The zeolite was found only within the Corriental reservoir. there isn't any way it could have just happened to be there when the reservoir was dug.
In fact, the team believes that the mineral was quarried from a site some 30 kilometers (18 miles) northeast of Tikal. There, igneous rock forms an aquifer known to provide exceptionally clear water. University of Cincinnati geographer Nicholas Dunning was aware of the world after previously conducting fieldwork there.
"It was an exposed, weathered volcanic tuff of quartz grains and zeolite. it absolutely was bleeding water at a decent rate," Dunning said. "Workers refilled their water bottles with it. it had been locally famous for a way clean and sweet the water was."

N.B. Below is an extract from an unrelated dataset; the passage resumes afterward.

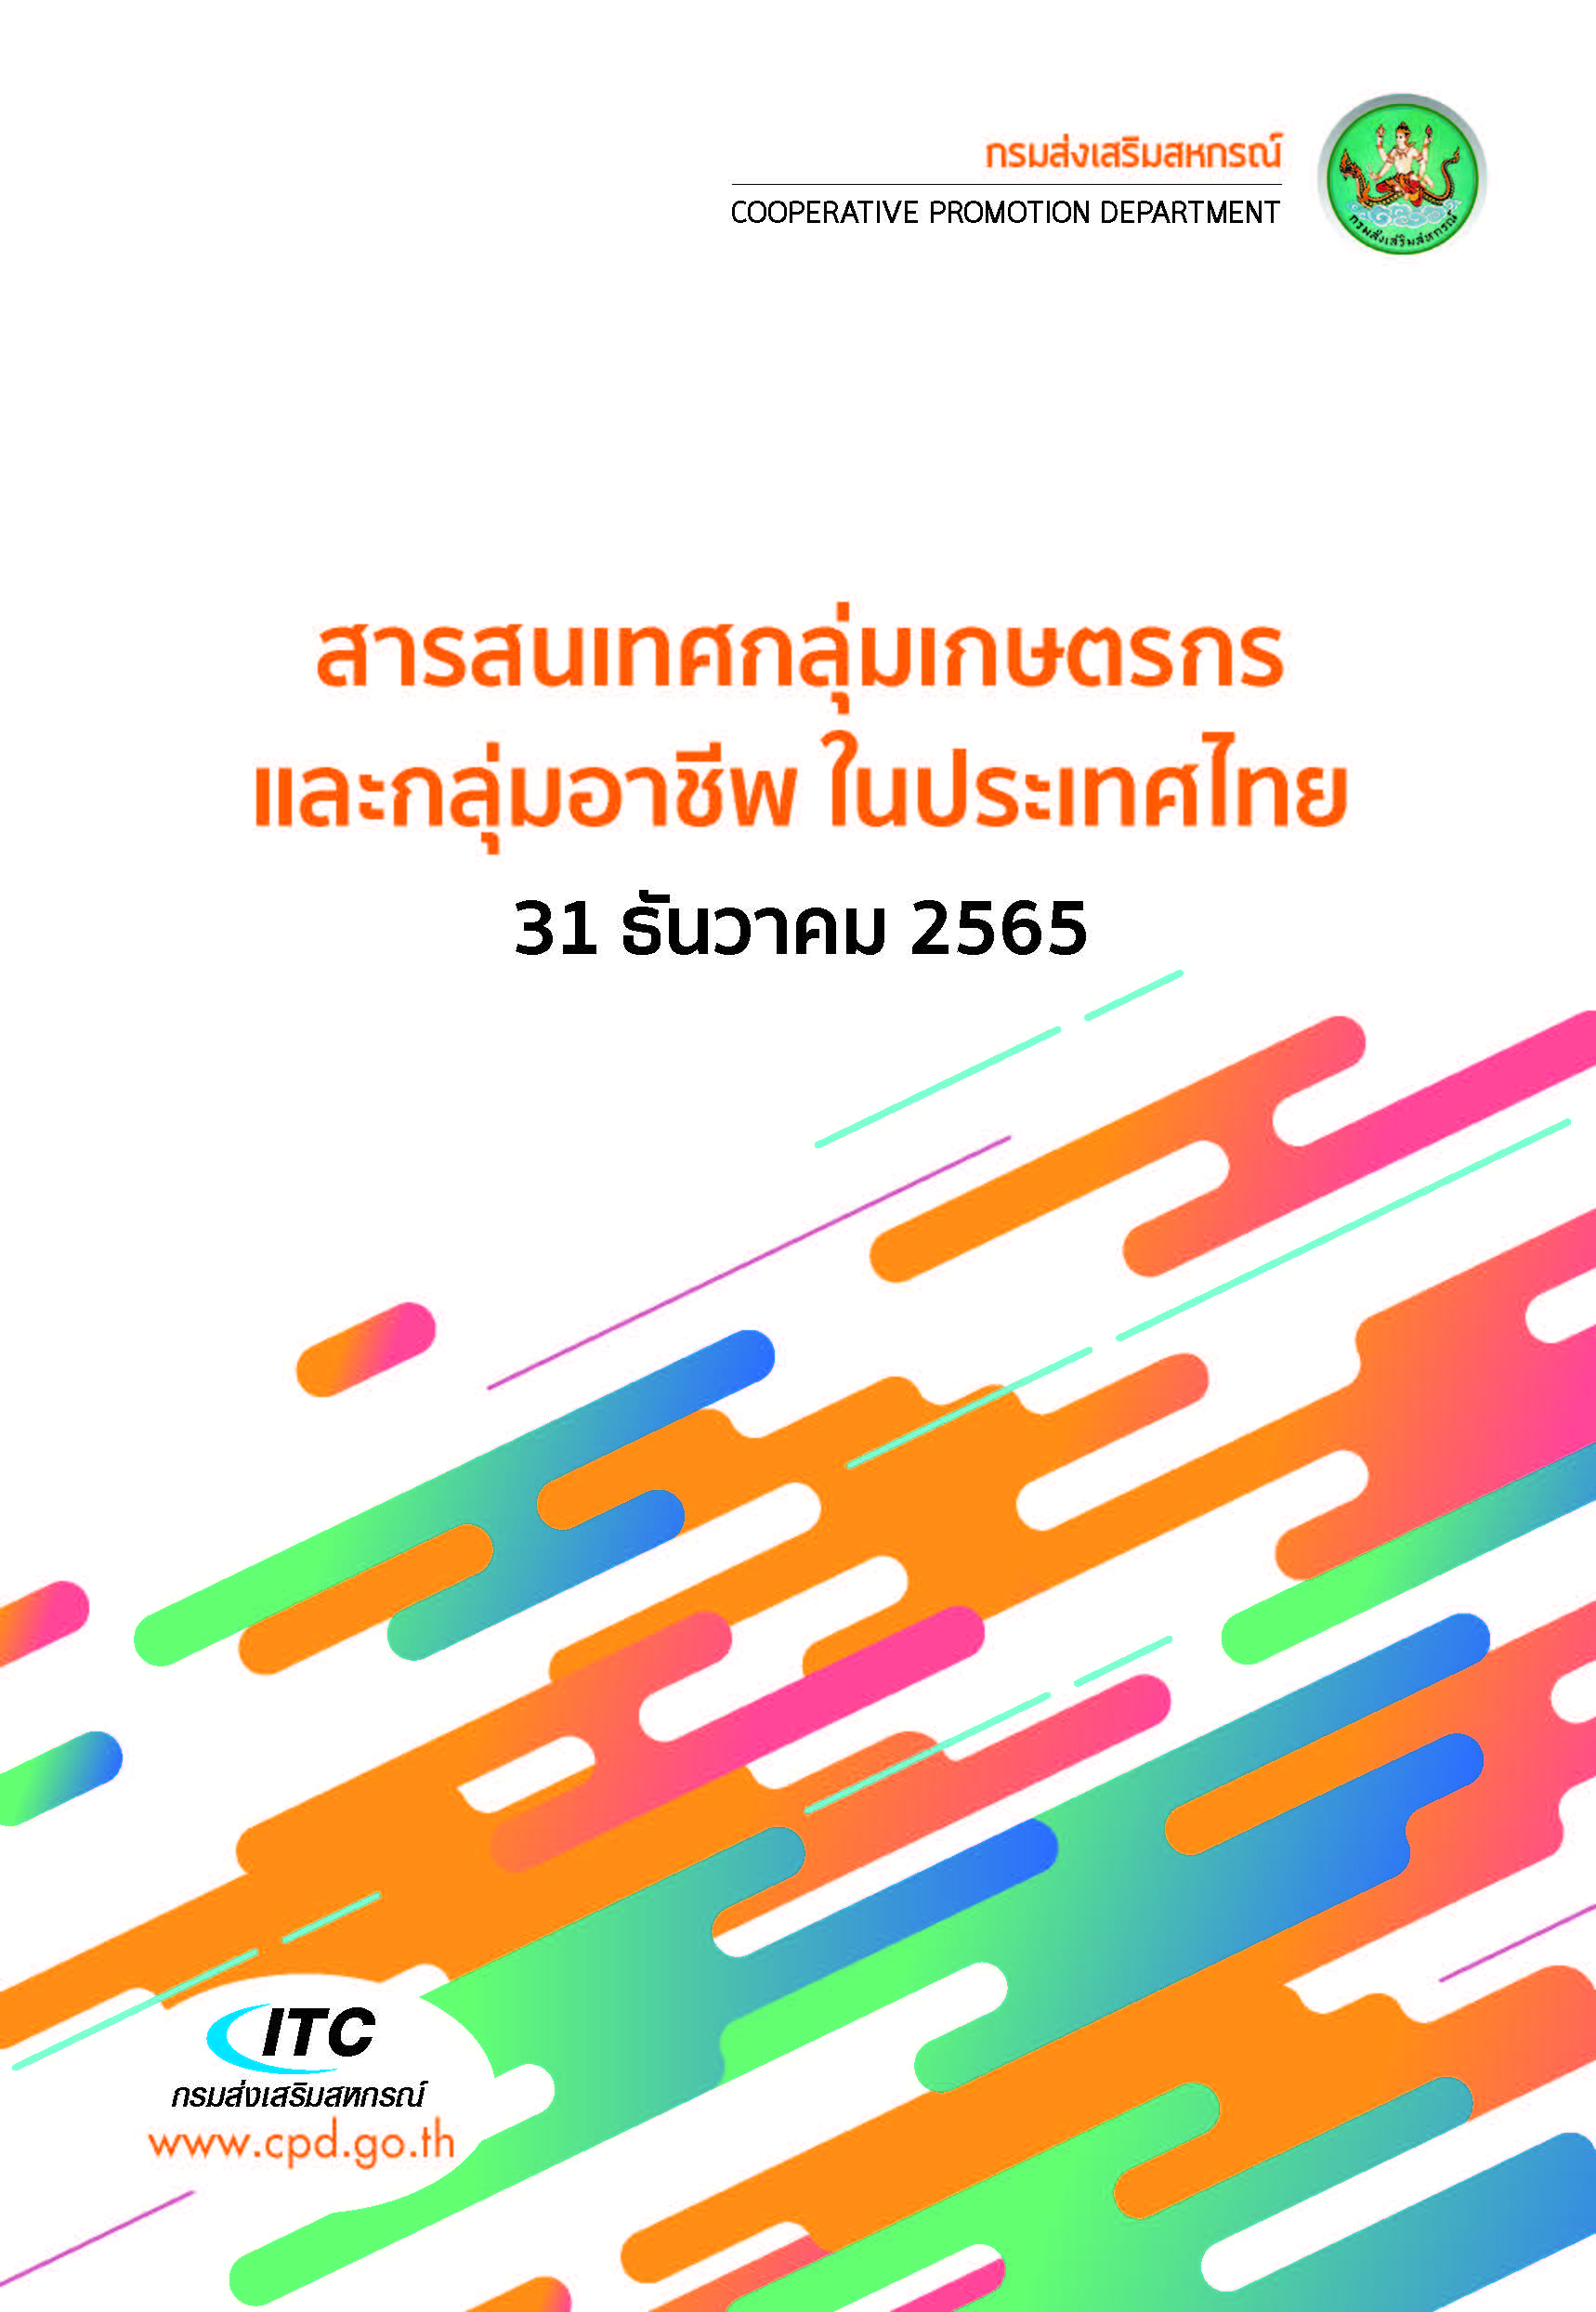 e book agri thai 311265

The team compared the Corriental quartz and zeolite from material taken from the aquifer and located that the 2 were a really close match. They also used geological dating to see the age of the sediment and dated it to between 2,185 and 965 years ago.
It's impossible to understand exactly how the filtration system worked, but building the evidence, the team believes that it's a fairly good picture.
(Tankersley, et al. Scientific Reports, 2020)
"The filtration system was likely held behind dry-laid stone walls with the zeolites and macrocrystalline sand-sized quartz crystals further constrained with woven petite (woven reed or palm fiber matting) or other perishable porous material positioned just upstream of, or within the reservoir ingresses, which were periodically ejected into the reservoir during flash floods caused by tropical cyclones," the researchers wrote in their paper.
And it seems to own worked. Mercury deposits, likely from cinnabar contamination, had previously been found in several other Tikal reservoirs. Not a trace of it can be detected in Corriental.
"The ancient Maya lived in an exceedingly tropical environment and had to be innovators. this can be an interesting innovation," Tankersley said.
"A lot of individuals observe Native Americans within the occident as not having the identical engineering or technological muscle of places like Greece, Rome, India, or China. But when it involves water management, the Maya were millennia ahead."